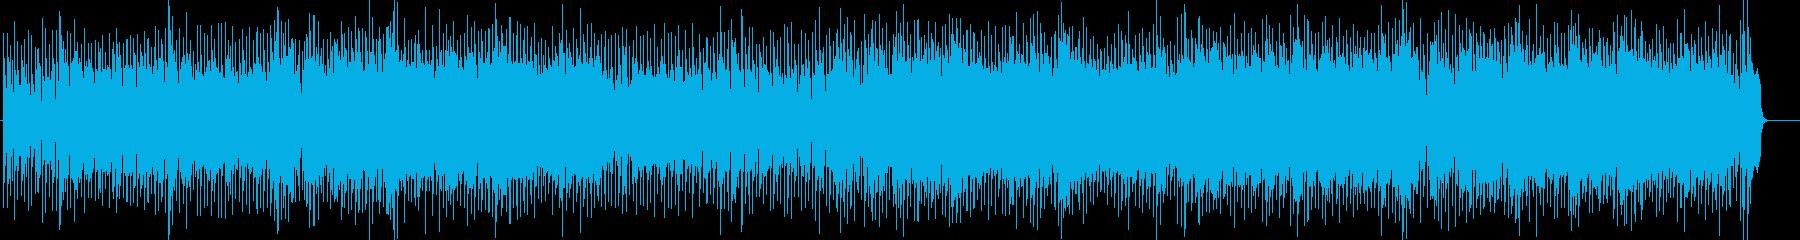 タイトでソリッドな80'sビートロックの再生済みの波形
= = = = =
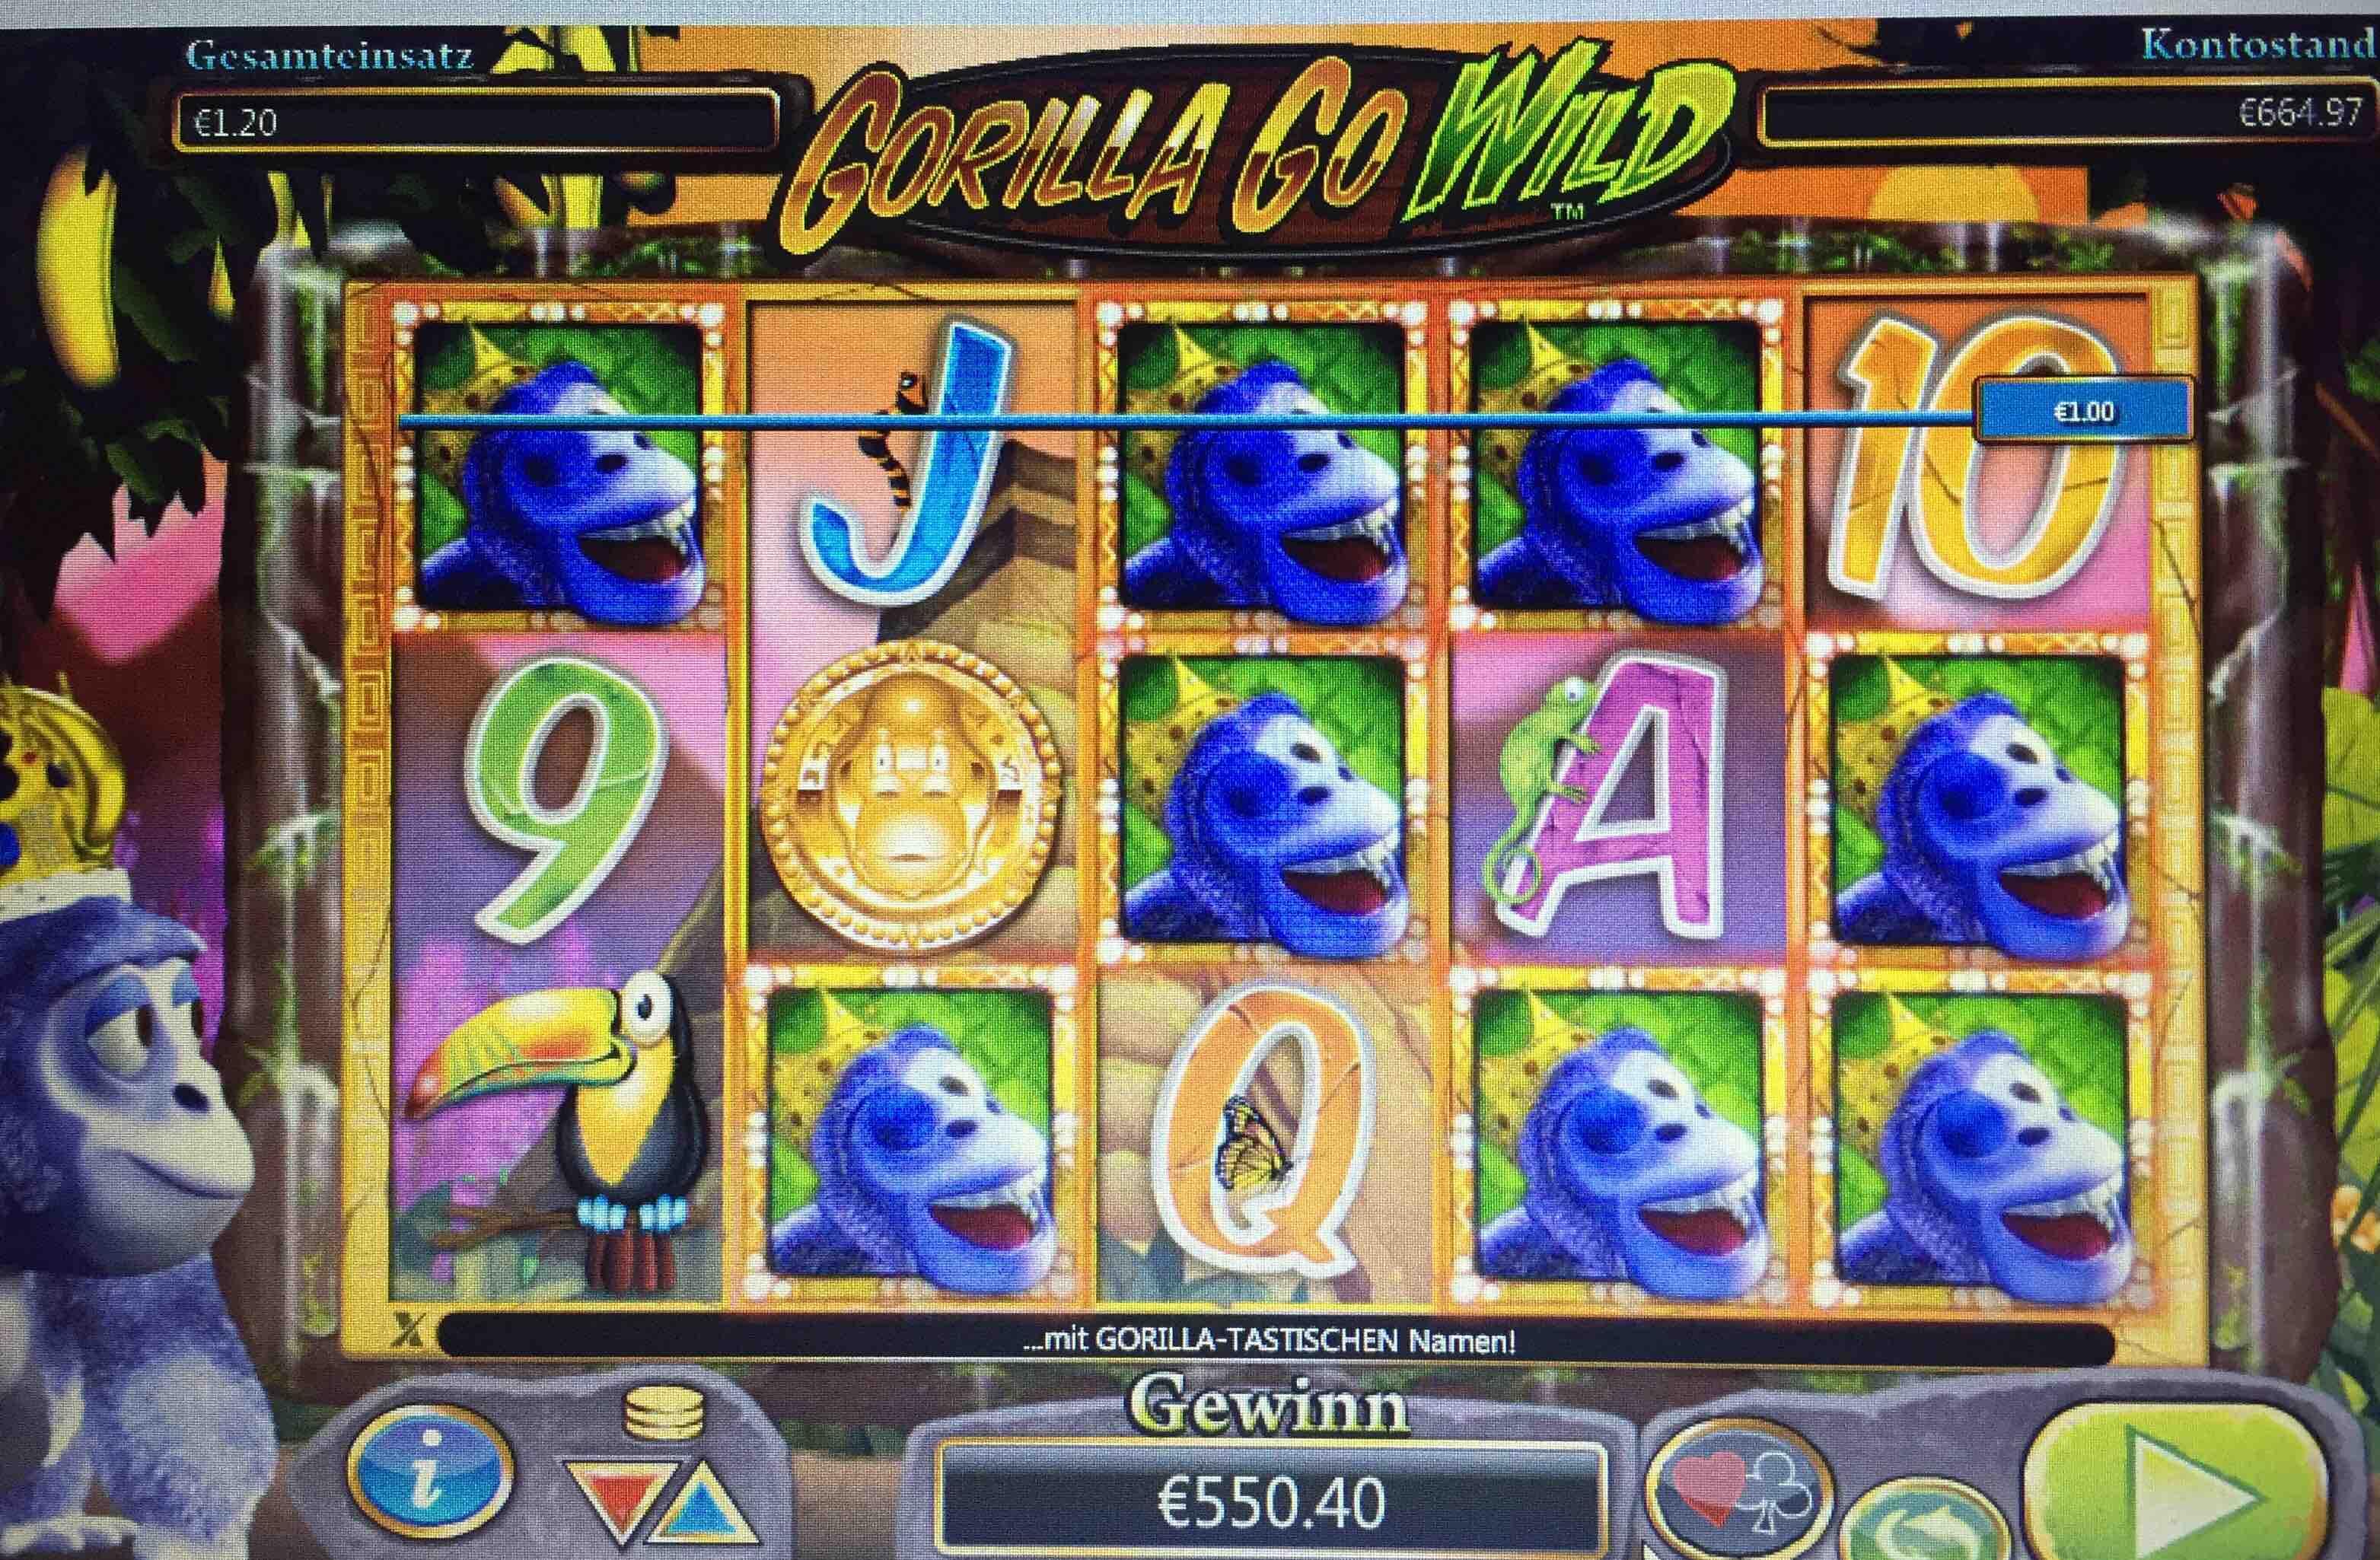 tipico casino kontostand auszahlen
= = = = =
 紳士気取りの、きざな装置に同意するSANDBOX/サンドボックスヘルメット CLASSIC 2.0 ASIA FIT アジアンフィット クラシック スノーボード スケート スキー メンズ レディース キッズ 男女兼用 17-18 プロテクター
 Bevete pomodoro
= = = = =
**Exercise instructions**
Write out, from the lines above, only those from the line with "紳士気取りの、きざな装置に同意するSANDBOX/サンドボックスヘルメット CLASSIC 2.0" to the line with "Bevete pomodoro", exactly as given, including the first and the last.

**Written response**
 紳士気取りの、きざな装置に同意するSANDBOX/サンドボックスヘルメット CLASSIC 2.0 ASIA FIT アジアンフィット クラシック スノーボード スケート スキー メンズ レディース キッズ 男女兼用 17-18 プロテクター
 Bevete pomodoro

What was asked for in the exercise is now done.